__Action item__: Quote the material exactly from the line that contains "REAL MASTER COLLECTION PLUS Ultraman Zero" through its last line. Any pictures are to be left out.

__Input data__:
__________________________________________________
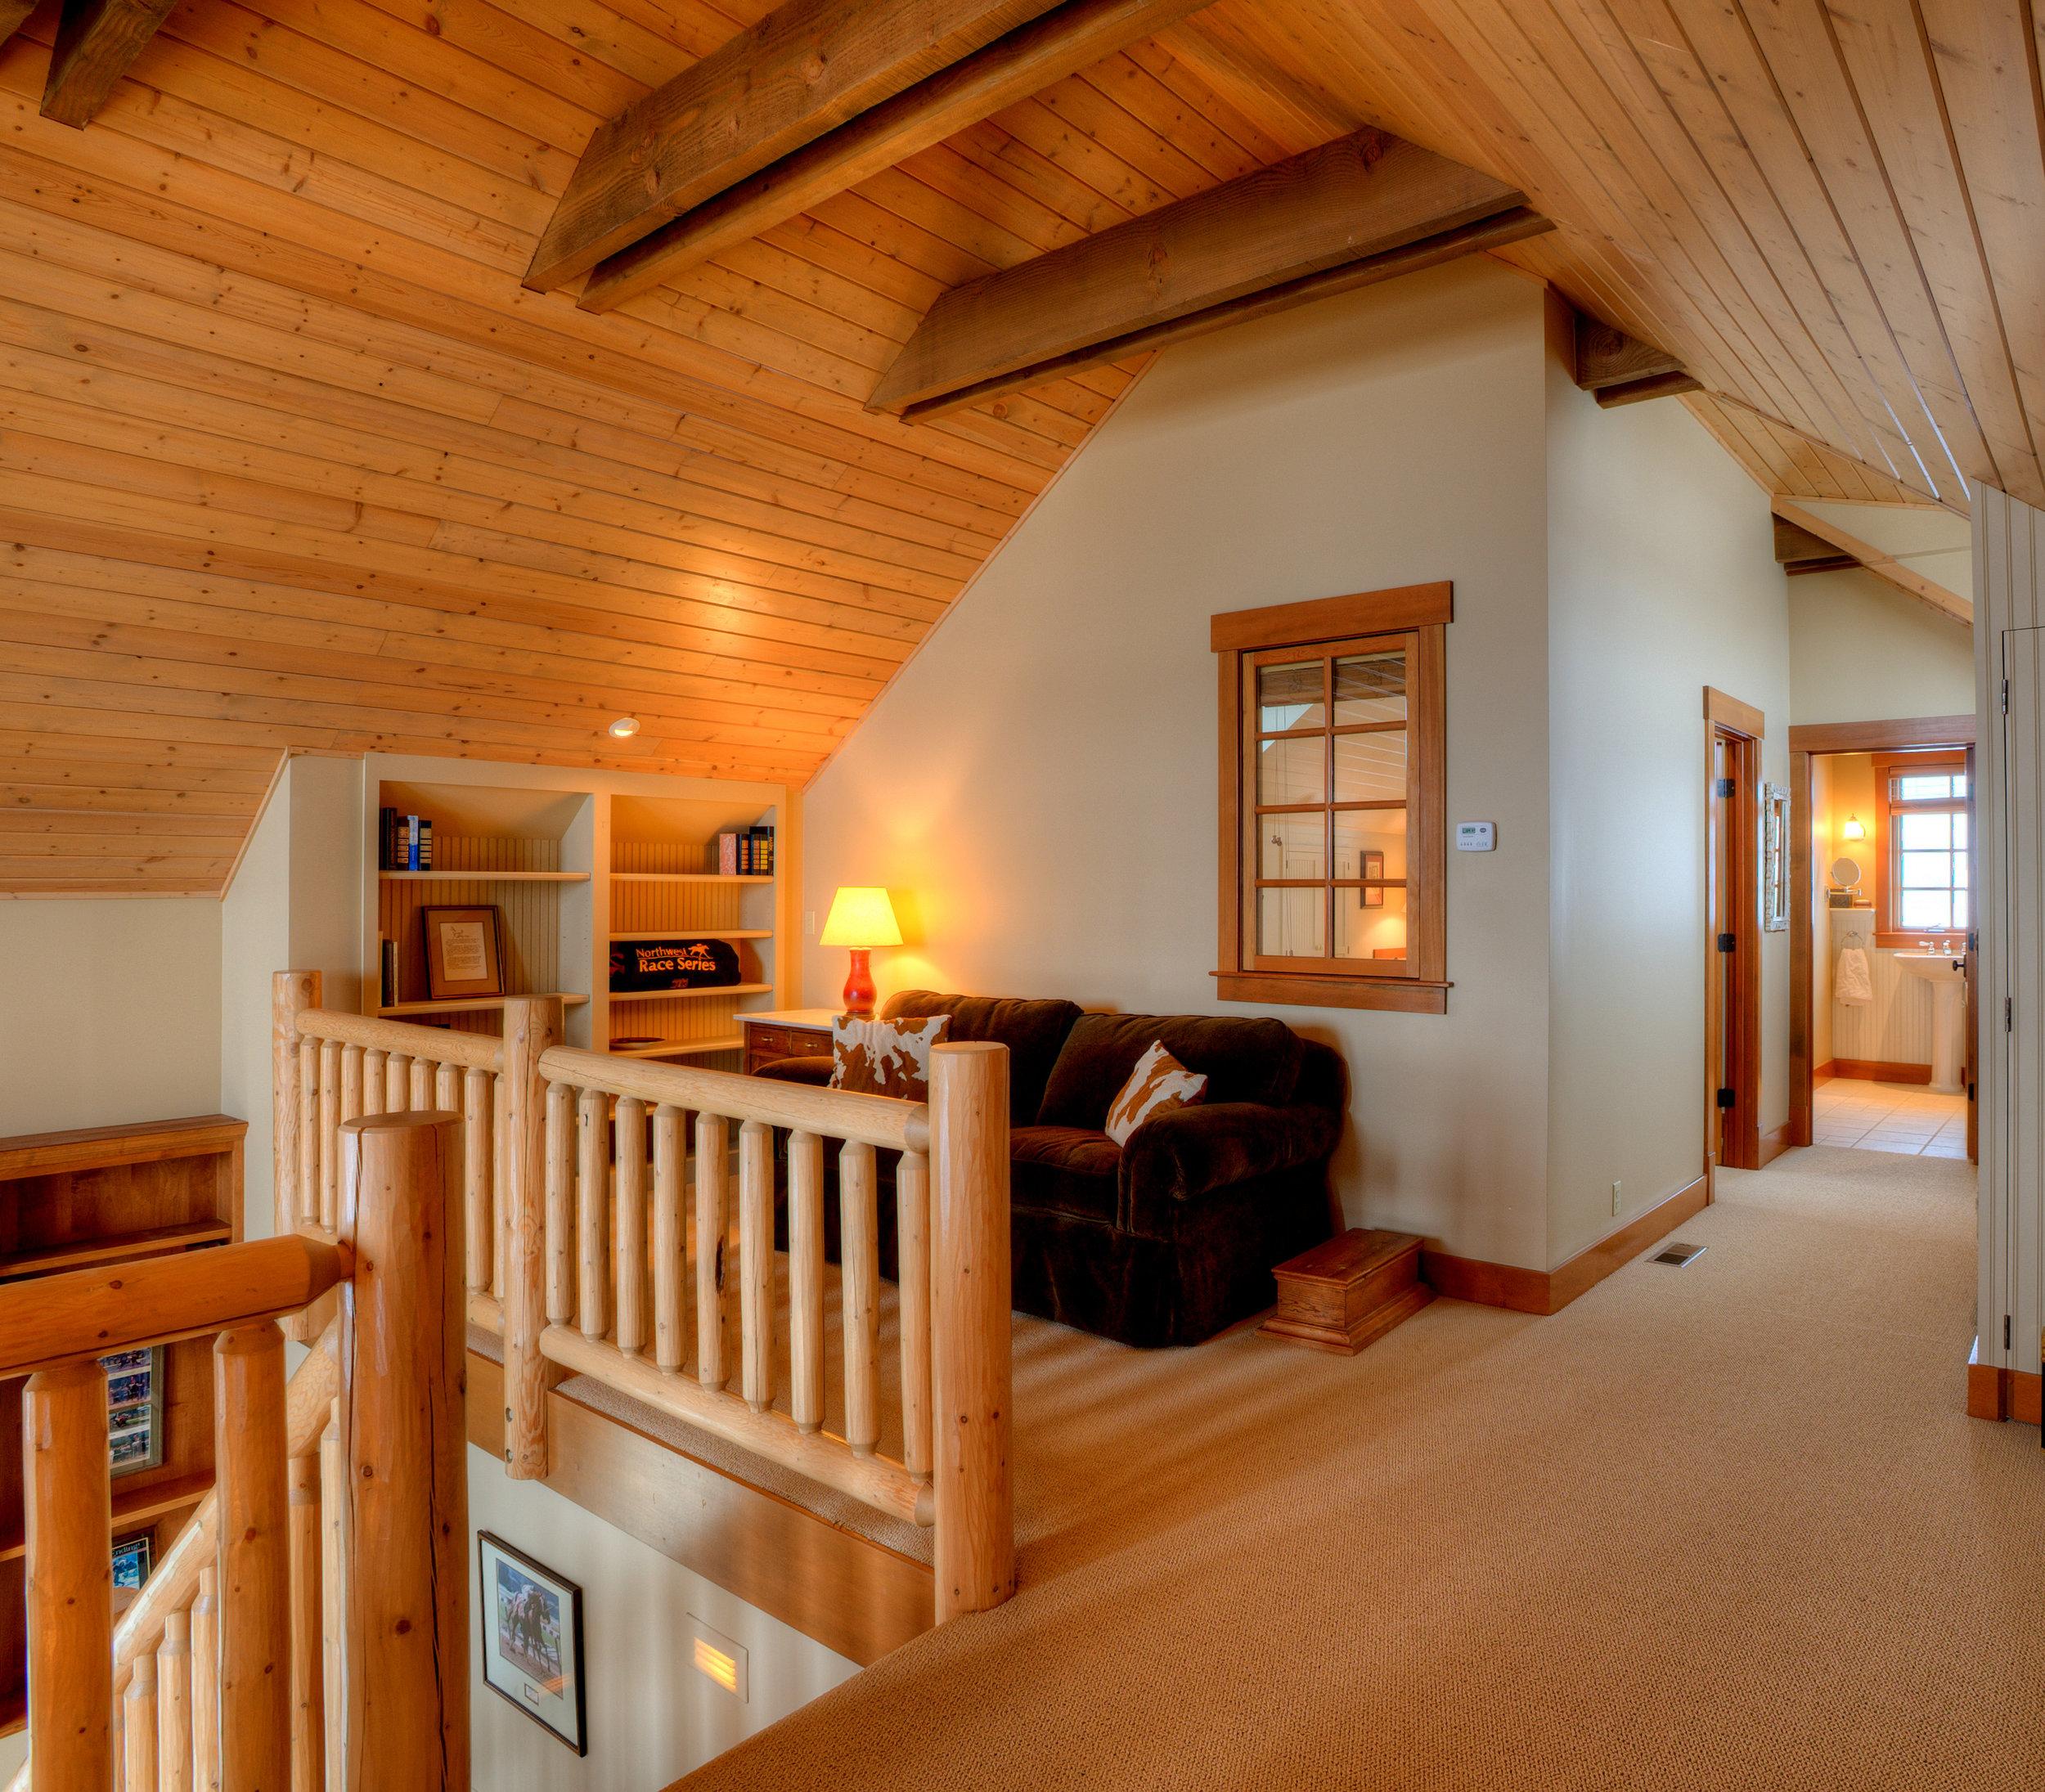 DNWA_Ellensburg_house-by-LHenning-large-038.jpg
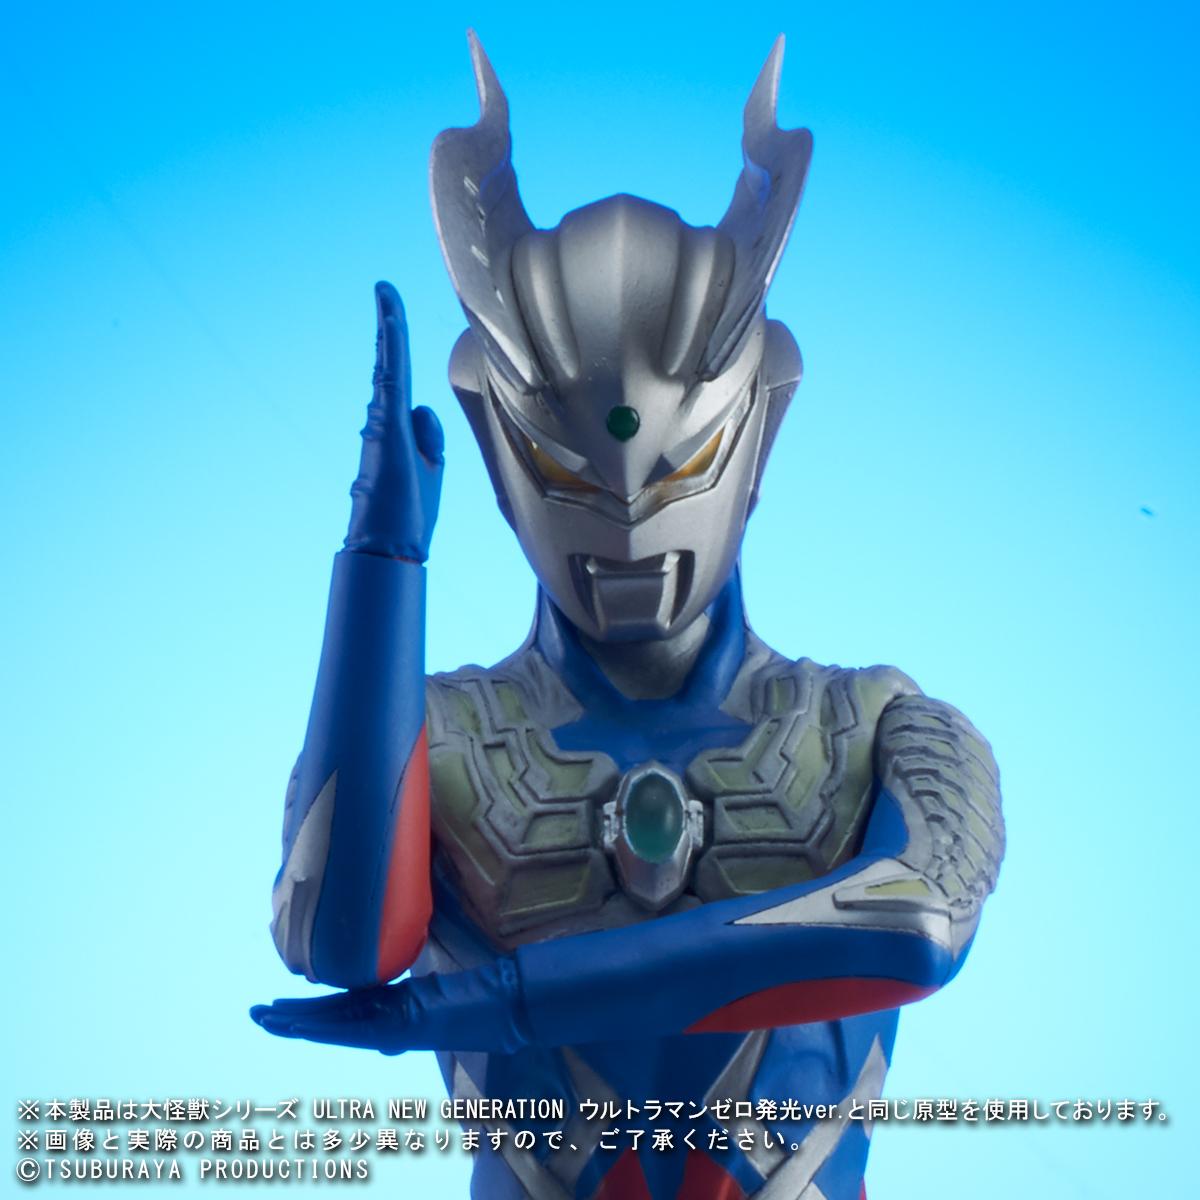 REAL MASTER COLLECTION PLUS Ultraman Zero
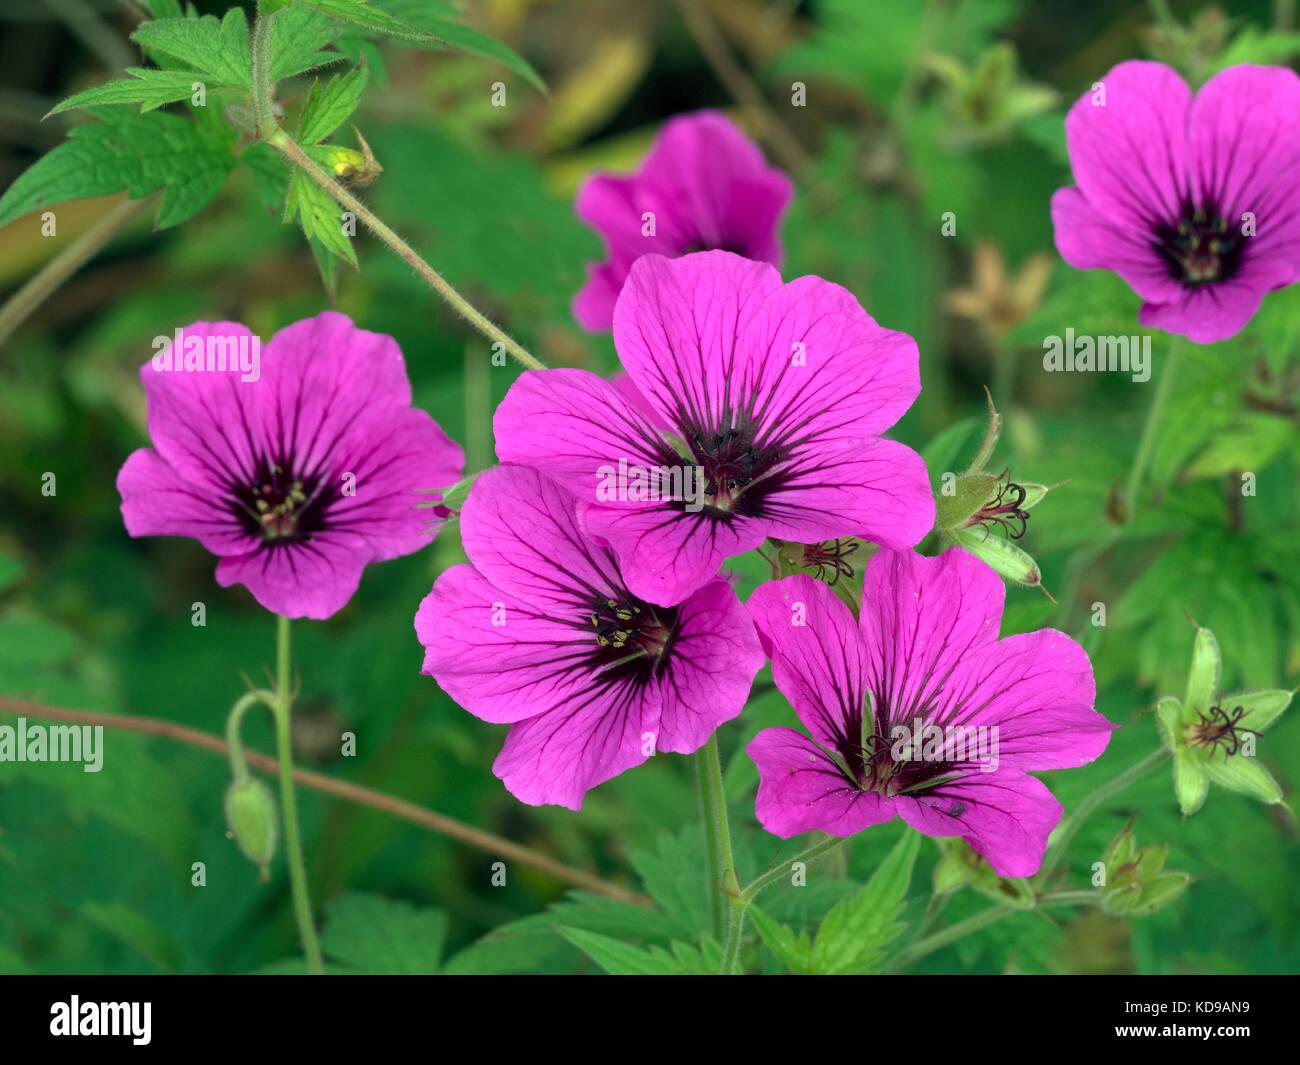 Geranium 'Patricia' in mixed herbaceous border - Stock Image
__________________________________________________
__Response__:
 REAL MASTER COLLECTION PLUS Ultraman Zero
 Geranium 'Patricia' in mixed herbaceous border - Stock Image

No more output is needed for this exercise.